Photo 1: Pipeline excavation in Underskiddaw
Photo 2: Diggers at work on the pipeline
The project is a big gamble with two of Britain’s most endangered wildlife species – Pearl Mussels and Vendace – at risk
The reason for the pipeline is that the Environment Agency are withdrawing the licence to extract water from Ennerdale in 2022 to protect the rare freshwater pearl mussels in it. So United Utilities have to find an alternative source of water. This alone is inexplicable since nearby Sellafield are allowed to go on extracting water.[ii]

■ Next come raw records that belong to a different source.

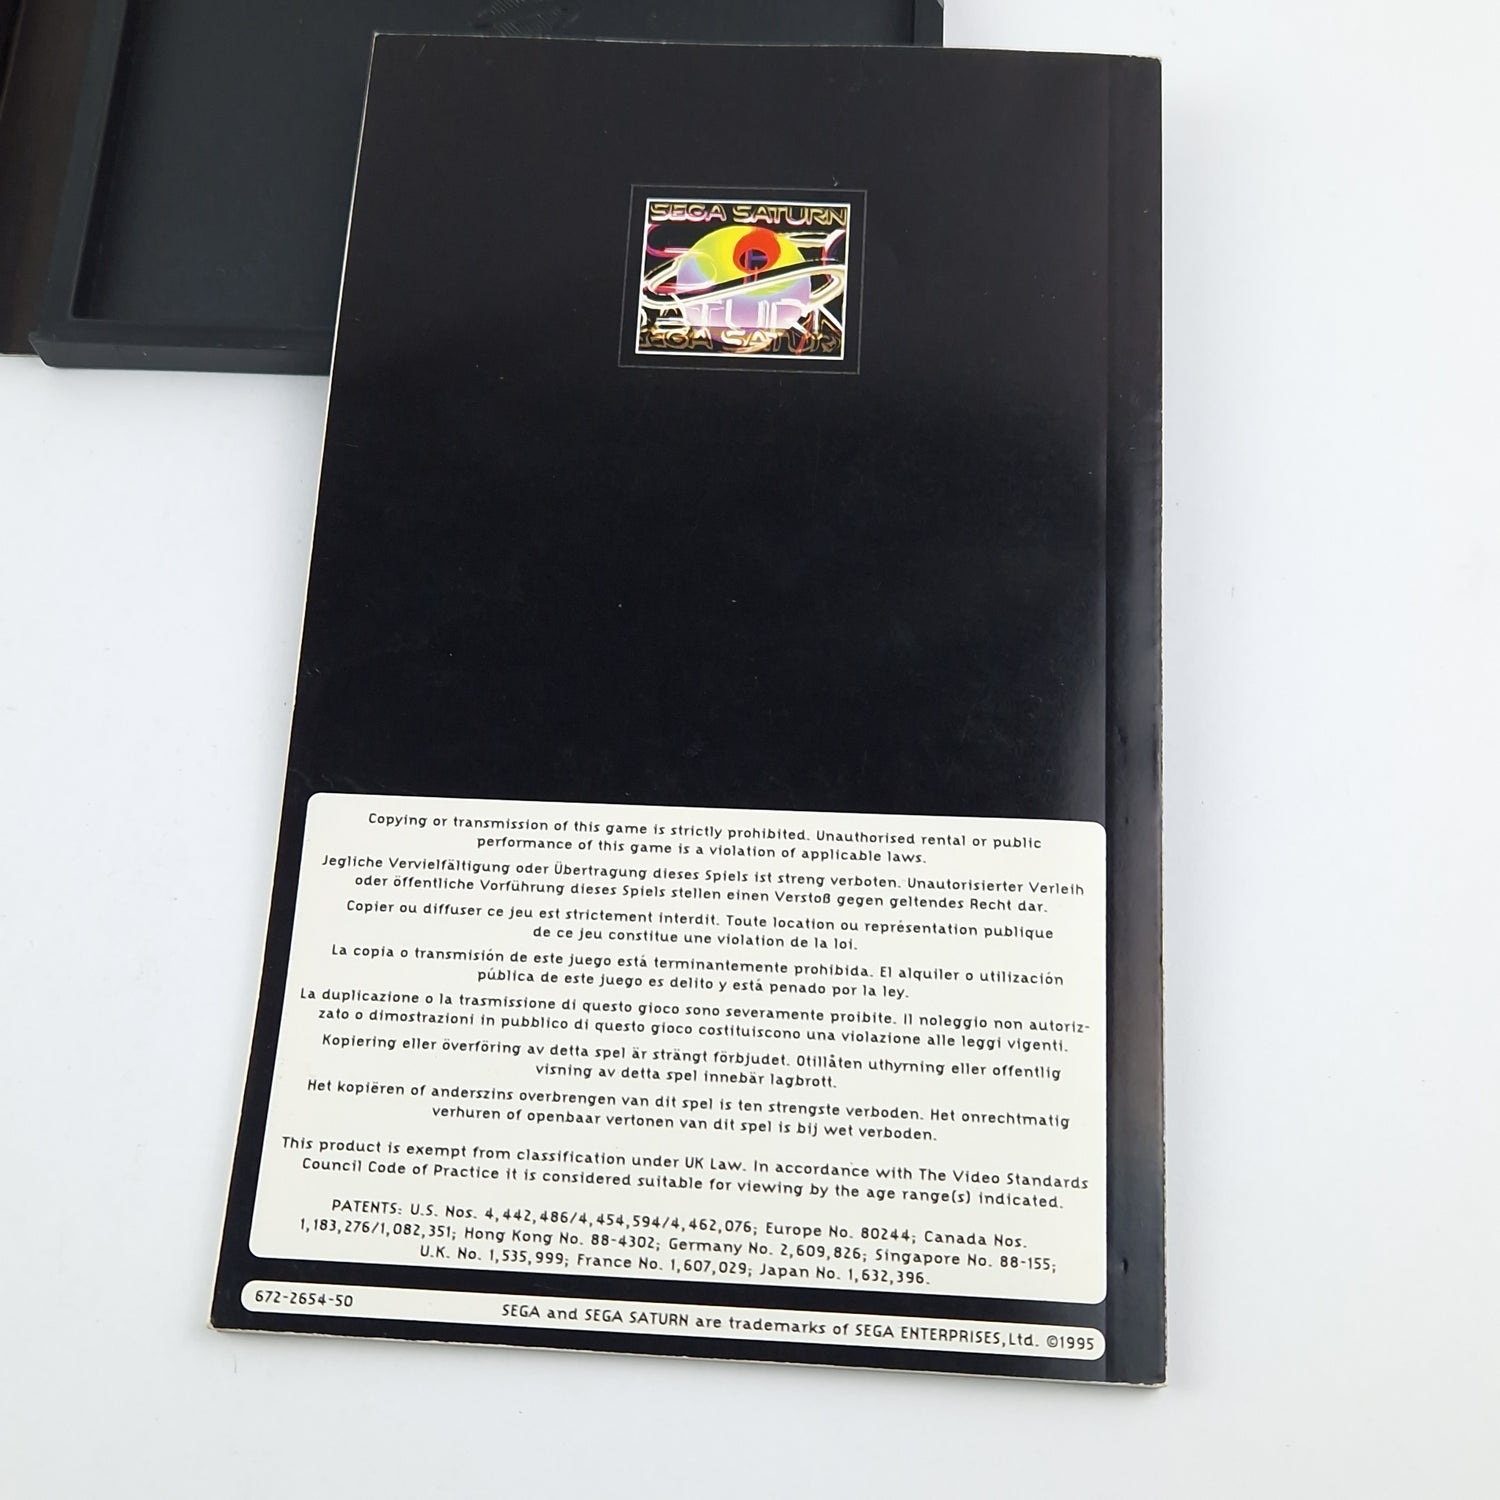 Sega Saturn Game: Shinobi X - CD Instructions OVP cib / PAL Disk System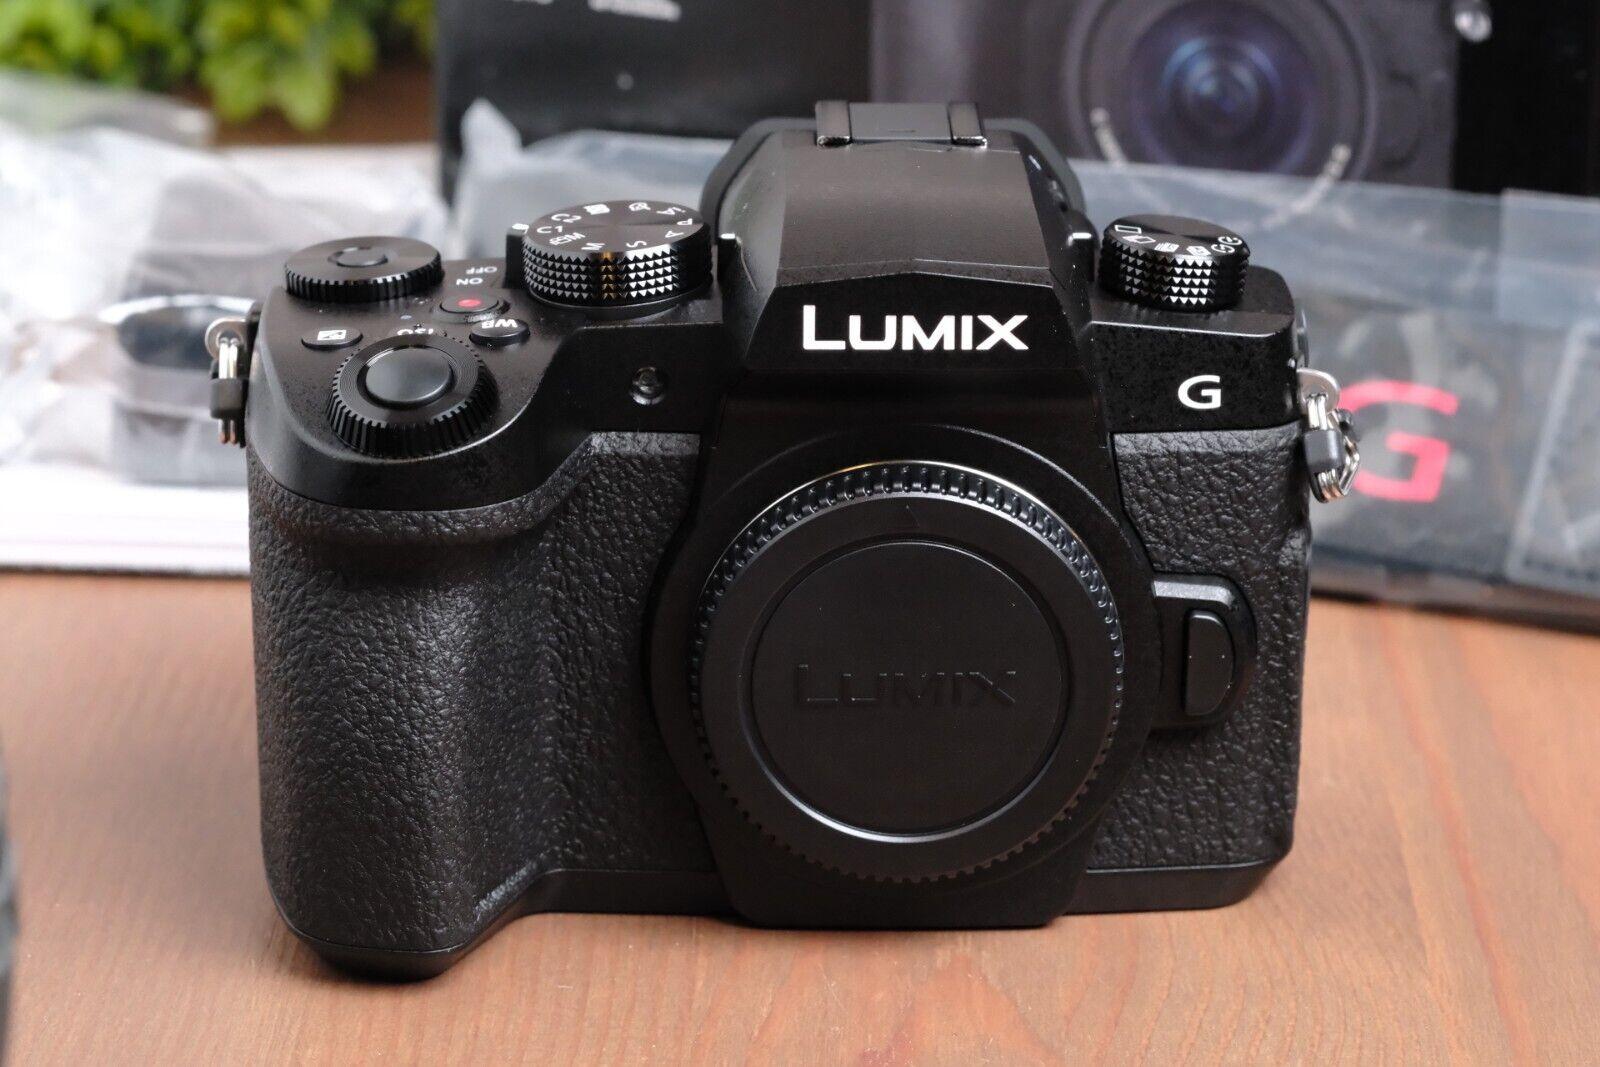 5. Panasonic Lumix G95D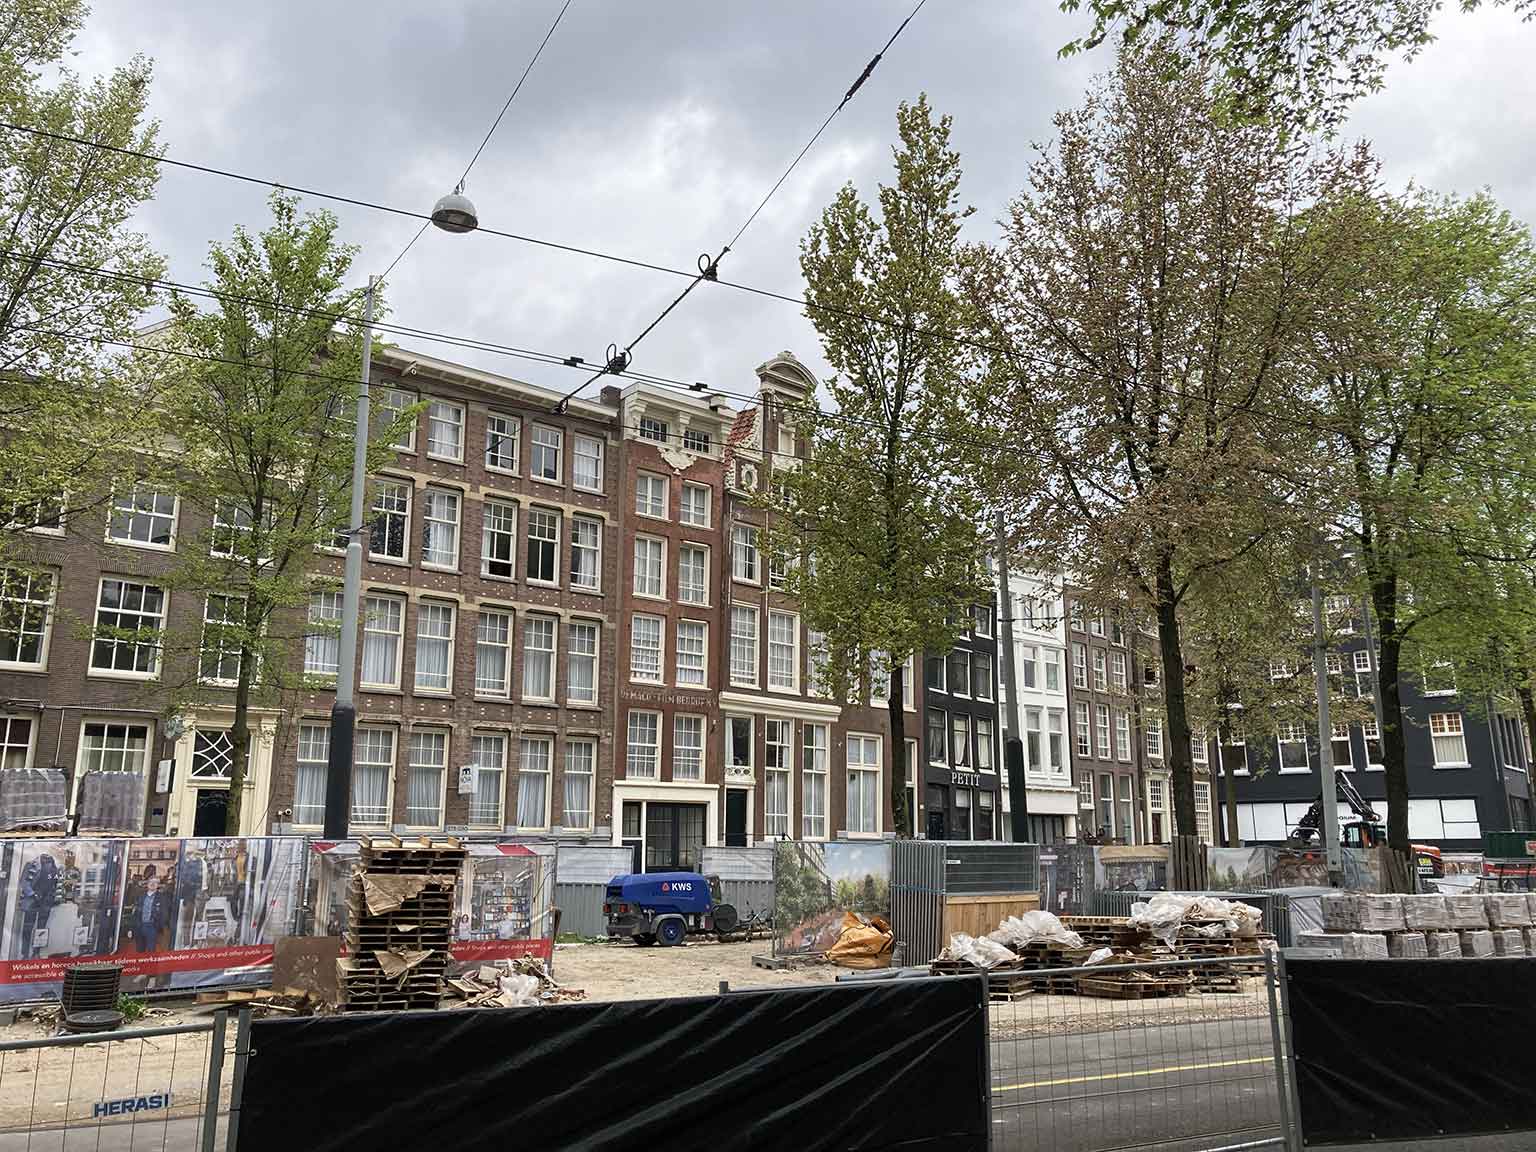 Ongoing restructuring of Postzegelmarkt, Amsterdam, in 2021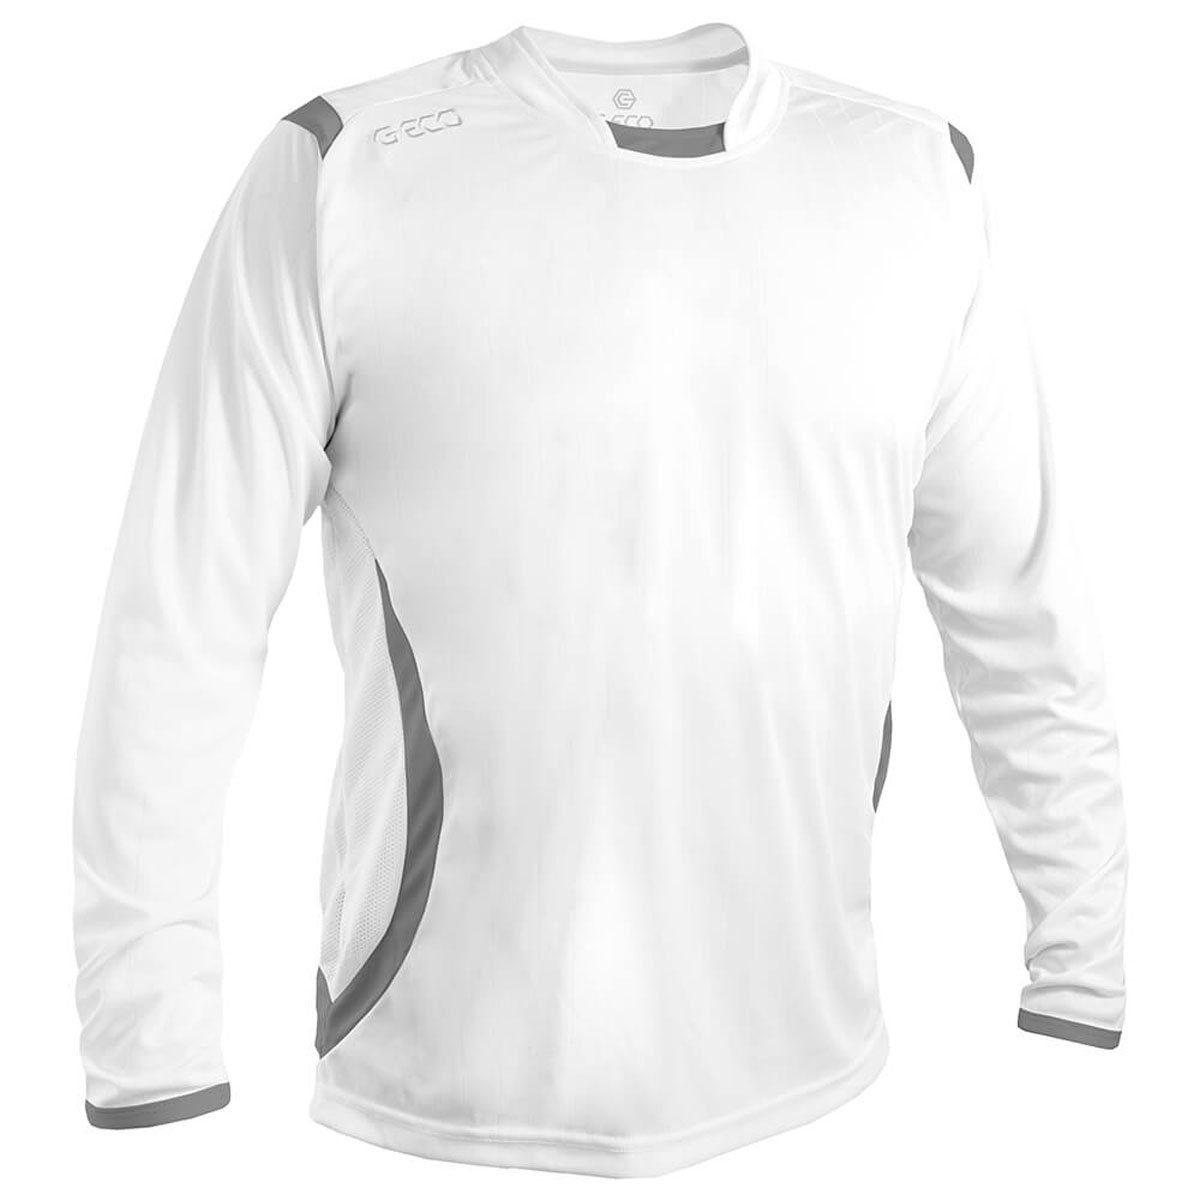 Geco Sportswear zweifarbig Trikot langarm weiß/silber Fußball Fußballtrikot Geco Levante

United Utilities proposed three options back in 2013 and the one they chose has by far the biggest impact on the Lake District National Park. Amazingly the National Park Authority approved the plan, with barely a murmur of discontent. This is despite the fact that a National Park should only approve a project like this when ‘there is no practical alternative’[iii]. Perhaps most perplexing is that there is already a river (first the Greta and then the Derwent) starting and ending in the same place as the pipeline. Can’t drinking water be extracted from rivers? Of course it can. London, for example, extracts 70% of its water from rivers[iv]. So, the whole destructive, expensive pipeline mimics the existing water flow of nature, and isn’t needed.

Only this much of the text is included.